However, I've improved myself a bit recently, leading to more opportunities. I've had opportunities before, but not really been sure how to make a move (in opportunities where I 'would').
Last night was a blatant example of this - total opportunity with a really hot woman, and decent opportunities with a couple of other hot women.
I'd rather a long term relationship, but I don't have a problem with casual sex, and you wouldn't either if you saw that girl :^P
So, pulling on a dancefloor, where you can't really talk. Help Mumbai get laid :^D
> That's the point.
> I don't go to clubs for any other reason than it's somewhere to drink
> late,
I didn't think you partook in the consumption of alcohol.
> I know standing around makes it hard to talk, that's why I do it.

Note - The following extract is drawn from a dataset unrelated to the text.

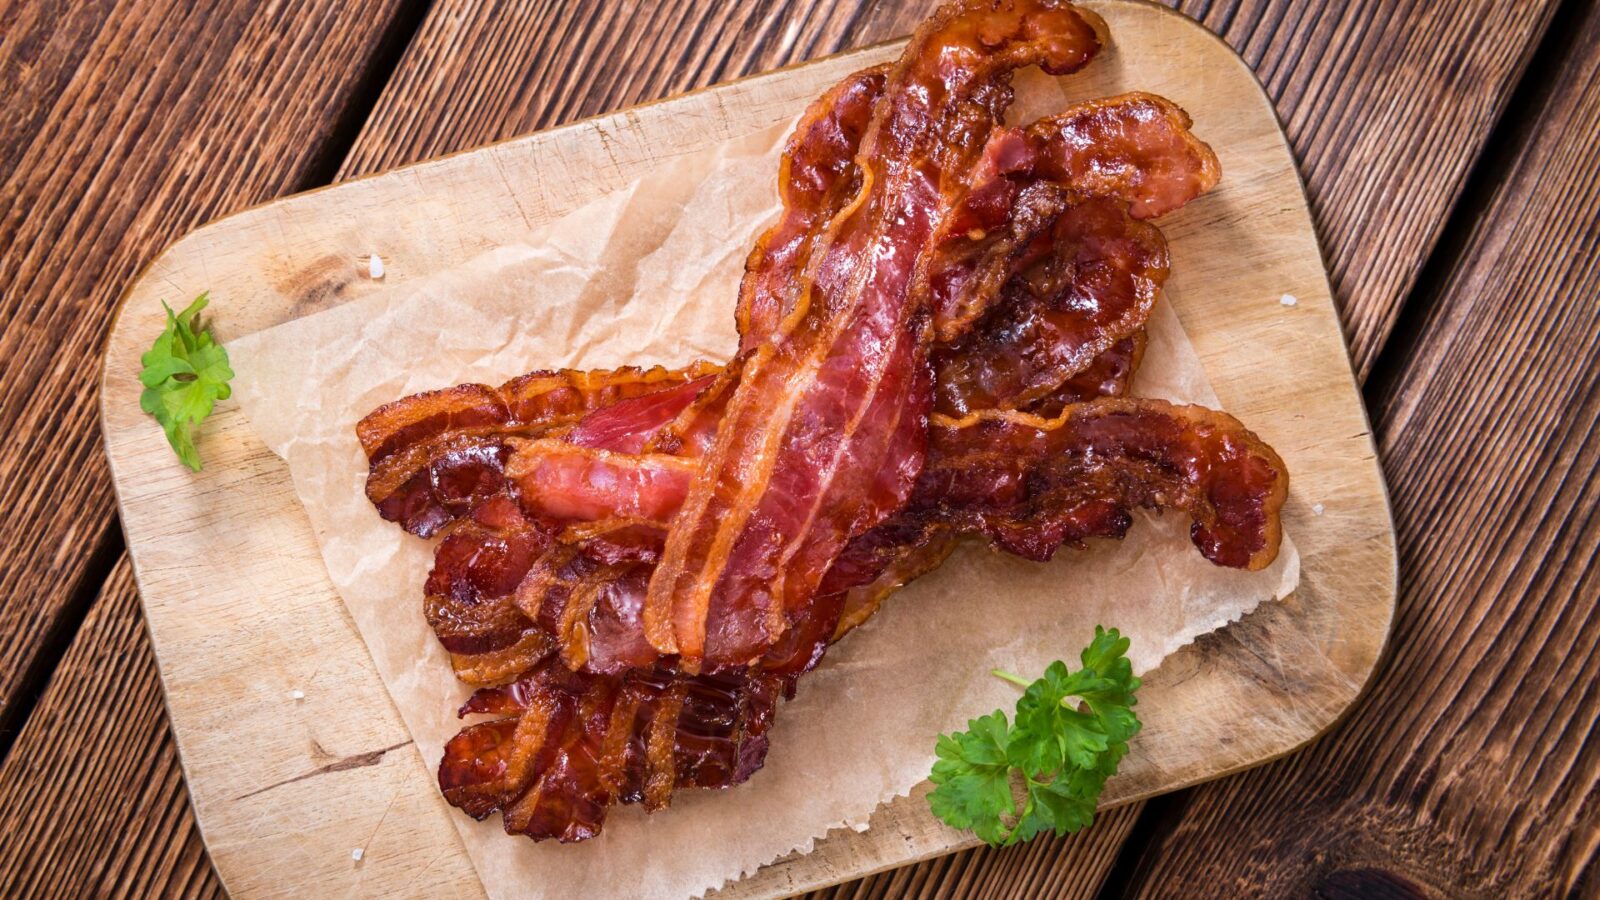 Como fazer bacon caseiro

> You'd think a guy looking bored and refusing to dance would send out
> "please leave me alone" signals, but still sometimes it
> doesn't get understood.
> Which is when the faux sign-language begins and they get embarrassed
> and can't leave quick enough when they think they're chatting up a
> deaf bloke.
If you don't want to talk to these people and don't like the music, then why go at all? If all you're after is some late drinkin', why not do it at home where you can invite someone you actually want to talk to?
Jeez...
> Hmm, another approach to try.
> To be honest, I'm still not much better equipped to pull when a
> random opportunity occurs on the dancefloor, and I like to dance
> anyway - standing around gets boring and you usually can't talk. And
> if I'm there, some opportunities you don't want to miss.
--------
That's the point.
I don't go to clubs for any other reason than it's somewhere to drink late, and I certainly don't go with the intention of trying to bag somebody.
I can't stand the music, 17yr olds in Ben Sherman shirts gyrating like they're being peppered with machinegun fire irritate me and greasy-cheeked heiffers in crop-tops and low-waist jeans showing 4 inches of flabby pouch doesn't do it for me either.
I know standing around makes it hard to talk, that's why I do it.
You'd think a guy looking bored and refusing to dance would send out "please leave me alone" signals, but still sometimes it doesn't get understood.
Which is when the faux sign-language begins and they get embarrassed and can't leave quick enough when they think they're chatting up a deaf bloke.
> I myself would suggest serenading her with 1337 speak.
I find girls tend to lean more towards the binary approach, it has that "turn on and off" appeal.
> You put any of the theory into practise yet Duck?
Not been out since, not to a club anyway (played pool friday, worked saturday).
But I did mash my face into the grill. I think the burn pattern makes me look sexy.
The Funky Chicken
> I've found standing at the bar/sitting down and refusing to dance or
> interract works best. Ignoring the desperate gyrations of the drunk
> and stupid and simply chain-smoking inbetween shots of vodka.
> You can watch the lynx-reeking wannabe alpha-males dancing at
> somebody, can appreciate the angry-hen clusters of shiny-cheeked
> smirnoff-ice downing hosers without having to actually take part.
>
> Strangely, indifference & barely concealed loathing seems to be
> spanish fly.
Hmm, another approach to try.
To be honest, I'm still not much better equipped to pull when a random opportunity occurs on the dancefloor, and I like to dance anyway - standing around gets boring and you usually can't talk. And if I'm there, some opportunities you don't want to miss.
However, I'll be sure to give loathing a try :^)
I guess the fear of rejection thing is a fair point, a few successes make the knock-backs easier to take, but it's been a while. Nevertheless, I'll pull myself together and get over it.
Lawrence, I relutantly agree that relationship sex is generally better. But if you're not in a relationship, casual sex can be good too.
Bah, how can I dance at people now, without feeling like a lynx-alpha-monkey-wannabe-boy?
Heh, I suppose I'd be taking a slightly different perspective on it, hopefully not trying so hard and being less insecure. Or a different kind of insecure at least :^D
Hmm, I guess I have a slightly better feel for when talking to people, but still no further than 'dancing at people' when on the dancefloor.
Thinking about it, you're just looking for non-verbal ways of communicating.. something to someone, with the objective of.. I suppose getting them to dance with you is the first step, while coming off as attractive. Or at least not coming off as wierd/needy/creepy.
How about following eye contact with a gentle push in the shoulder/arm - playful and non-intrusive, followed by a becconing gesture to come dance(Neo in the Matrix, but without the full body over-the-top action. Hmm, or maybe with it :^) ).
I'm aiming for not retarded, and less lame than 'dancing in front of someone'. Any good?